There were people that were cheering on the other side of New Jersey where you have large Arab populations. They were
cheering as the World Trade Center came down. I know it might be not politically correct for you to talk about it, but there were people cheering as that building came down — as those buildings
came down, and that tells you something. It was well covered at the time."
Actually, it wasn’t covered at the time, because it didn’t happen.
Did. Not. Happen. Which is hardly surprising, because Trump is a serial liar whose lies are often easily debunked based on things like verifiable facts. From his inflated net worth to Obama’s
birth certificate, really, take your pick:
“The last quarter, it was just announced, our gross domestic product [growth] … was below
zero. Who ever heard of this? It's never below zero." (Except for the other 42 times over the 272 quarters ever measured.)
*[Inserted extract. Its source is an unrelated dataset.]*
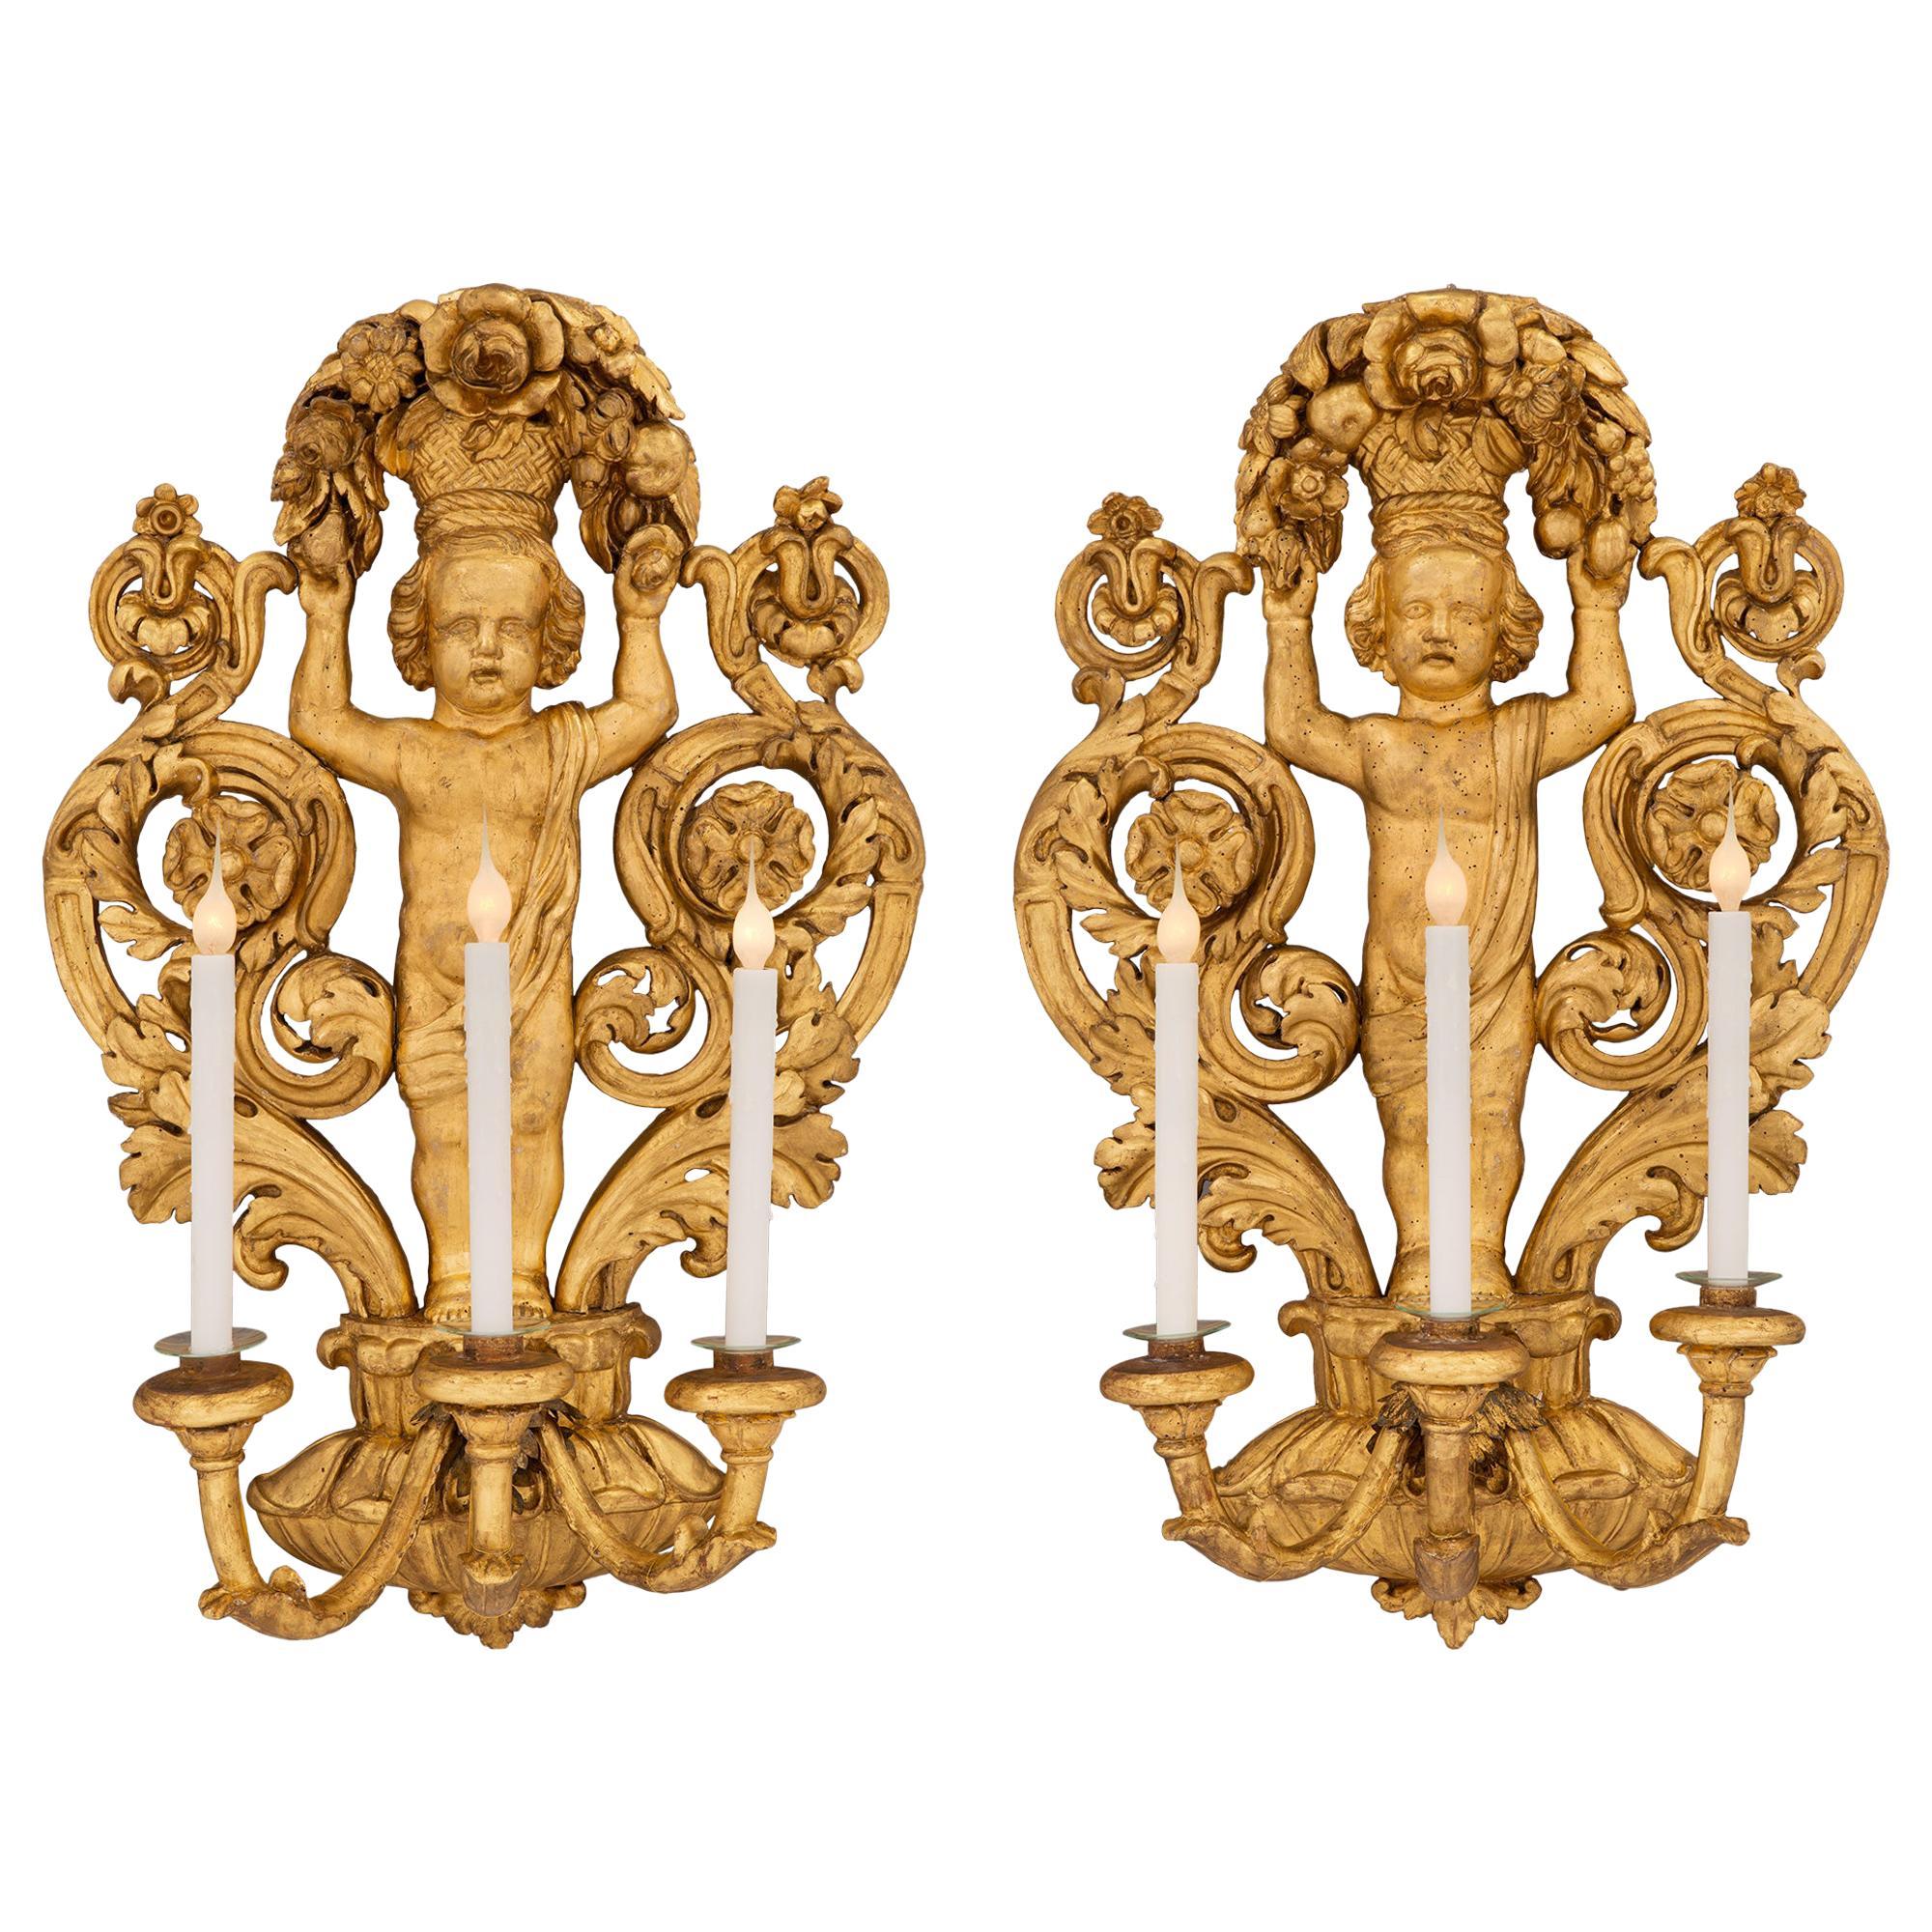 Pair of Italian 18th Century Baroque Period Giltwood Three-Arm Sconces

"We have the highest tax rate anywhere in the world."
(Not No. 1, but 103 out of 111, according to the World Bank in 2012)
Number of illegal immigrants in the U.S.: “30
million, it could be 34 million.” (11.3 million, down from a peak of 12.2 million in 2006)
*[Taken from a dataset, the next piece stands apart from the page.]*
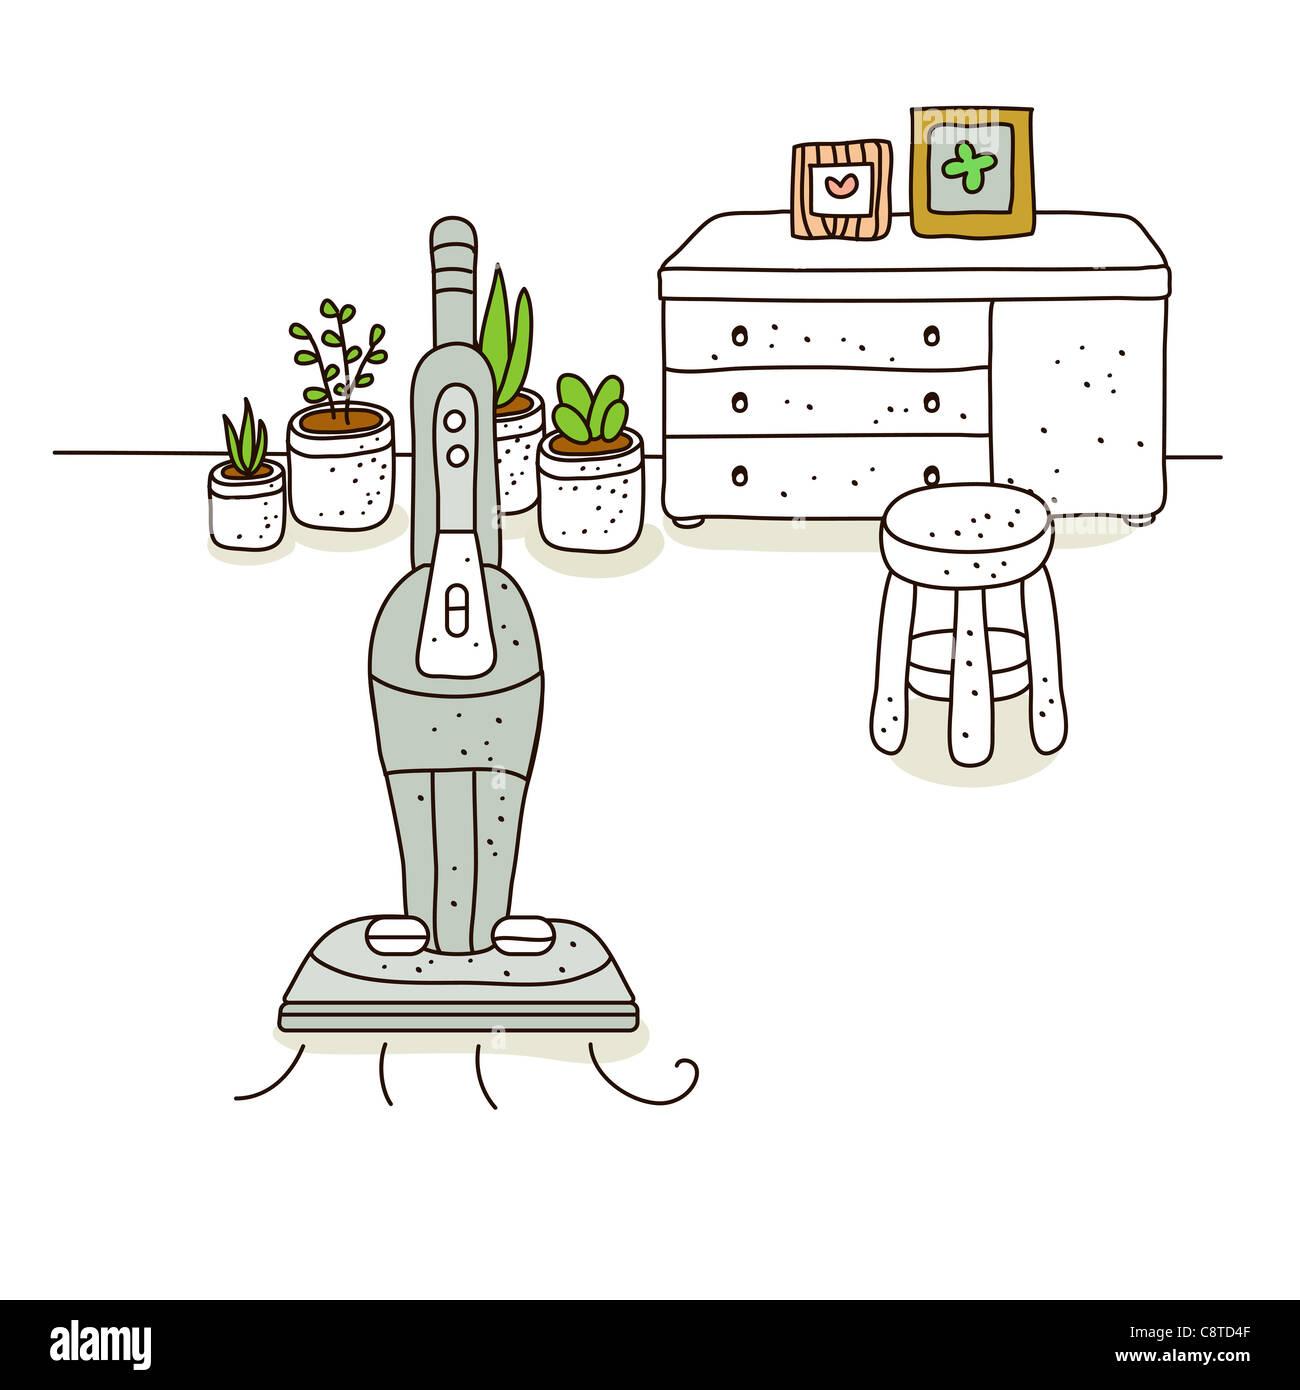 Illustration of vacuum cleaner - Stock Image

The Trans-Pacific Partnership "was designed for China to come
in, as they always do, through the back door and totally take advantage of everyone." (The TPP, which excludes China, is designed to do the opposite.)
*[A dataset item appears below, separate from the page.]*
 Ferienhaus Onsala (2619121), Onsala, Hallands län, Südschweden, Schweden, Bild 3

"The Mexican government ... they send the bad
ones over." (The Mexican government sends nobody over.)
But as the poll numbers and mass rallies more than demonstrate, truth is not the raw
material of fear marketing. The secret sauce is understanding what frightened people are prepared to believe. Then, a la Goering, you just repeat it again and again until it becomes their reality --
whether it’s chanting Jersey Muslims or the Protocols of the Elders of Zion or Obamacare “death panels.”
Some people call this the Big Lie. Some people call it
propaganda. Really, it’s just faith.
Ben Carson, a trained physician, is able to discard the fossil record and carbon dating to believe in recent Biblical
Creation. The GOP insists as an article of faith that regulating business on environmental practices or anything else kills jobs -- although there is essentially zero historical economic evidence to
support that.
(They also ignore all economic reality on the subject of deficit spending, which is very bad for households and very good for superpowers.) The Birthers are prepared to
believe a conspiracy so prescient as to plant a phony birth notice for infant Barack Obama in Honolulu newspapers in 1961.
None of this has anything to do with
rational thinking, nor even necessarily stupidity. It has to do with belief. Donald Trump has spent a career telling the public like it isn’t, and yet has a majority of likely Republican voters
crediting him for telling it like it is.
Is this any different from gilding faucets at kitschy resorts or selling crappy merchandise at Macy’s,
supposedly imbuing the goods with Trump success and “sophistication?” No.
Trump understands what people most want: validation for their unattainable hopes and darkest
fears. The gold faucets of his politics are simplistic explanations, tough talk, safety, security and someone to blame. Like all the other most cynical marketers, demagogues, evangelists and con
men, feeding us with the very lies we wish to tell ourselves.
Why are ye fearful, O yeof too much faith?